I have an array of hashes similar to this:
[
{"student": "a","scores": [{"subject": "math","quantity": 10},{"subject": "english", "quantity": 5}]},
{"student": "b", "scores": [{"subject": "math","quantity": 1 }, {"subject": "english","quantity": 2 } ]},
{"student": "a", "scores": [ { "subject": "math", "quantity": 2},{"subject": "science", "quantity": 5 } ] }
]
Is there a simpler way of getting the output similar to this except looping through the array and finding a duplicate and then combining them?
[
{"student": "a","scores": [{"subject": "math","quantity": 12},{"subject": "english", "quantity": 5},{"subject": "science", "quantity": 5 } ]},
{"student": "b", "scores": [{"subject": "math","quantity": 1 }, {"subject": "english","quantity": 2 } ]}
]
Rules for merging duplicate objects:
Is there a simpler way of getting the output similar to this except looping through the array and finding a duplicate and then combining them?
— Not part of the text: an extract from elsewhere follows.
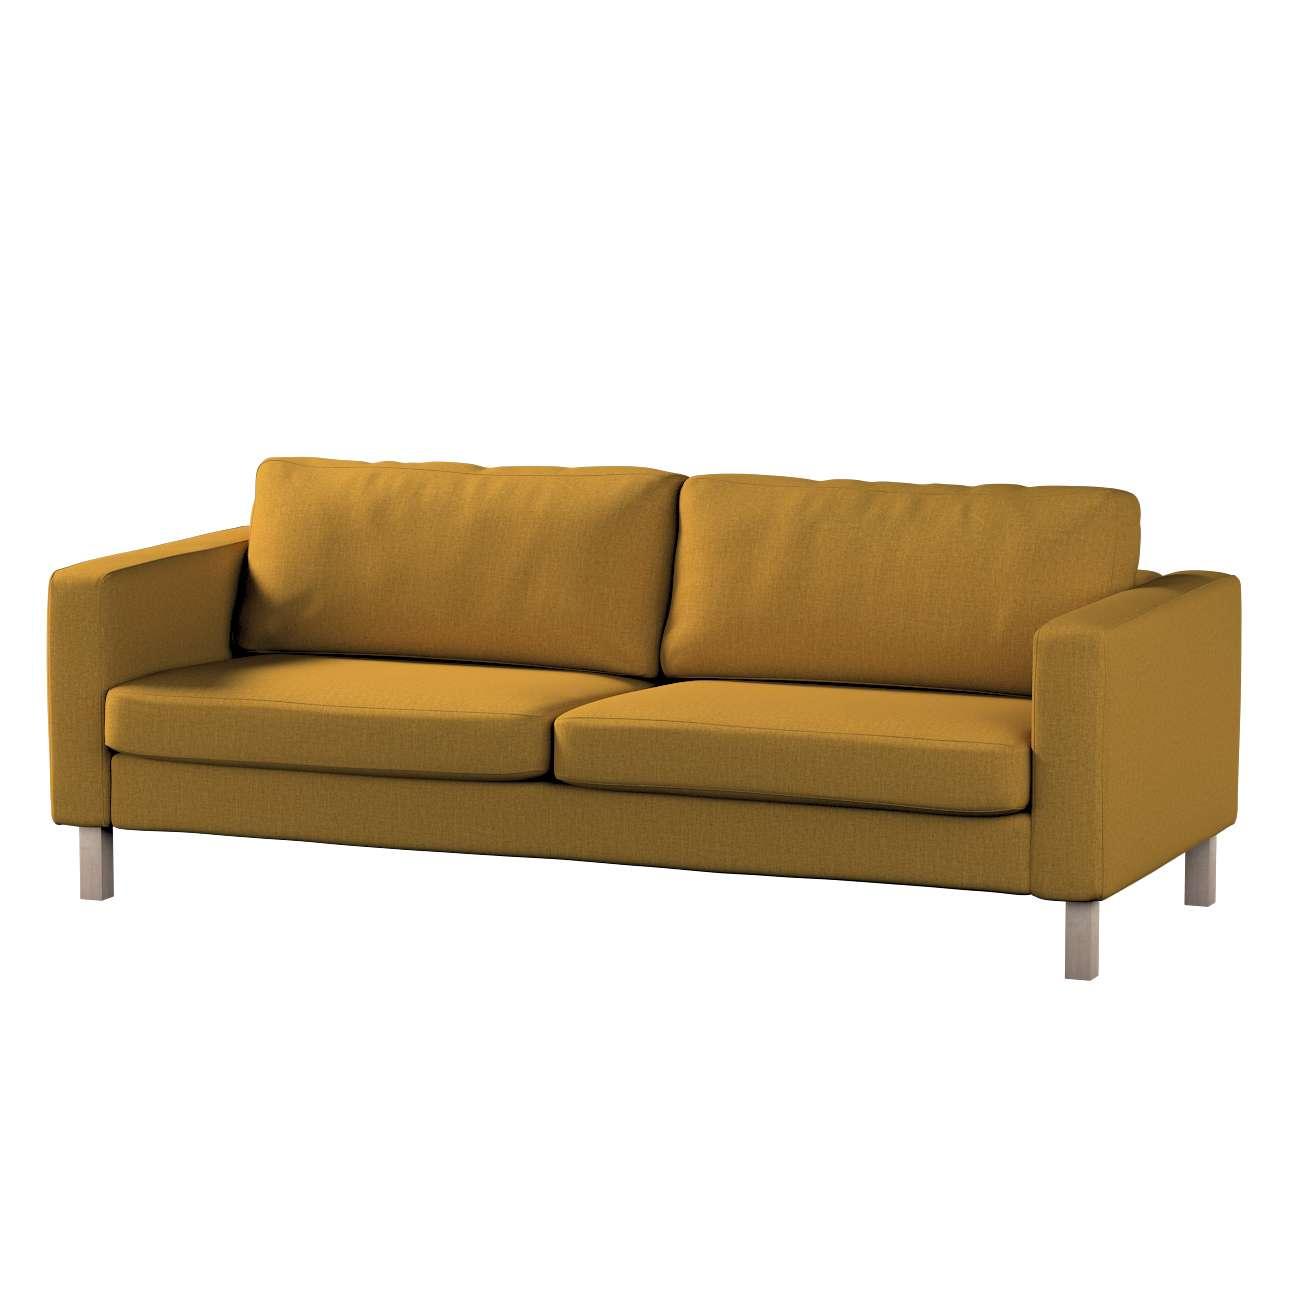 Pokrowiec na sofę Karlstad 3-osobową nierozkładaną, krótki w kolekcji City, tkanina: 704-82

Not that I know of. IF you explain where this data is comeing form the answer may be different but just based on the Array
of Hash
objects I think you will haev to iterate and combine.
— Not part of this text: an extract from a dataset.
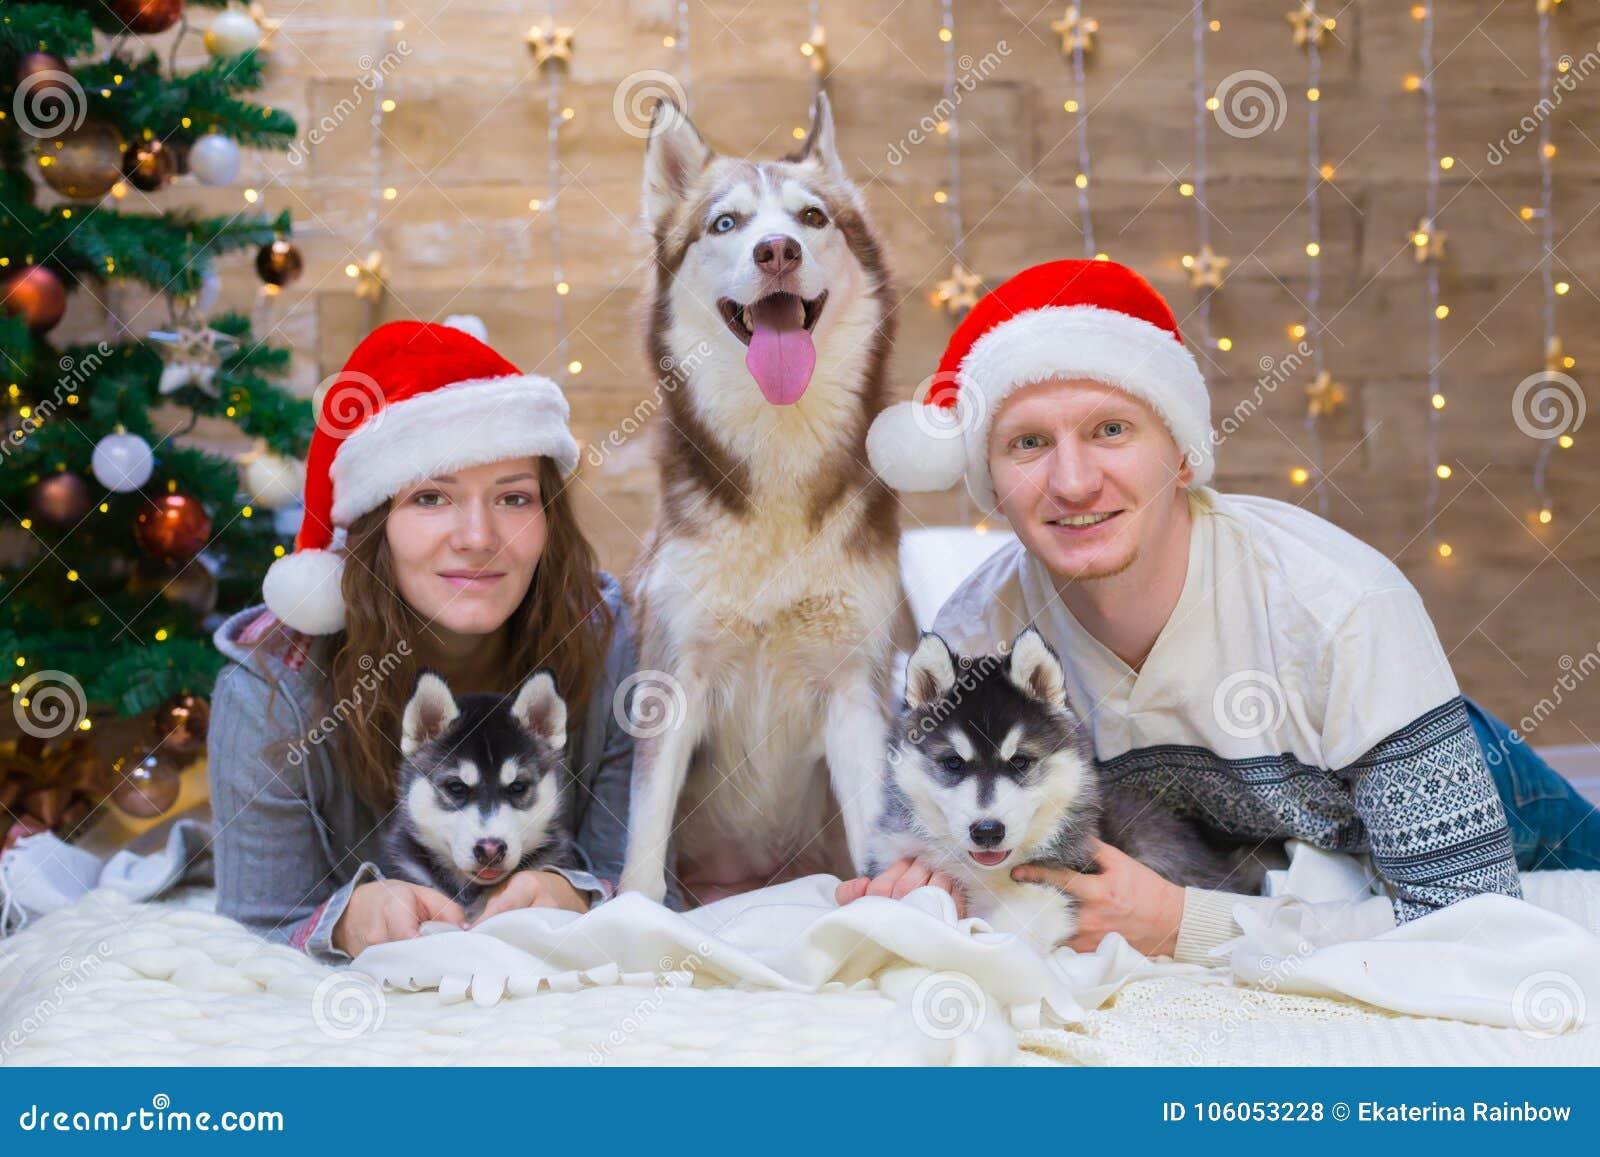 9017b511d0644 ... dog husky

While it is not elegant you could use a solution like this
arr = [
{"student"=> "a","scores"=> [{"subject"=> "math","quantity"=> 10},{"subject"=> "english", "quantity"=> 5}]},
{"student"=> "b", "scores"=> [{"subject"=> "math","quantity"=> 1 }, {"subject"=> "english","quantity"=> 2 } ]},
{"student"=> "a", "scores"=> [ { "subject"=> "math", "quantity"=> 2},{"subject"=> "science", "quantity"=> 5 } ] }
]
#Group the array by student
arr.group_by{|student| student["student"]}.map do |student_name,student_values|
{"student" => student_name,
#combine all the scores and group by subject
"scores" => student_values.map{|student| student["scores"]}.flatten.group_by{|score| score["subject"]}.map do |subject,subject_values|
{"subject" => subject,
#combine all the quantities into an array and reduce using `+`
"quantity" => subject_values.map{|h| h["quantity"]}.reduce(:+)
}
end
}
end
#=> [
{"student"=>"a", "scores"=>[
{"subject"=>"math", "quantity"=>12},
{"subject"=>"english", "quantity"=>5},
{"subject"=>"science", "quantity"=>5}]},
{"student"=>"b", "scores"=>[
{"subject"=>"math", "quantity"=>1},
{"subject"=>"english", "quantity"=>2}]}
]
I know that you specified your expected result but I wanted to point out that making the output simpler makes the code simpler.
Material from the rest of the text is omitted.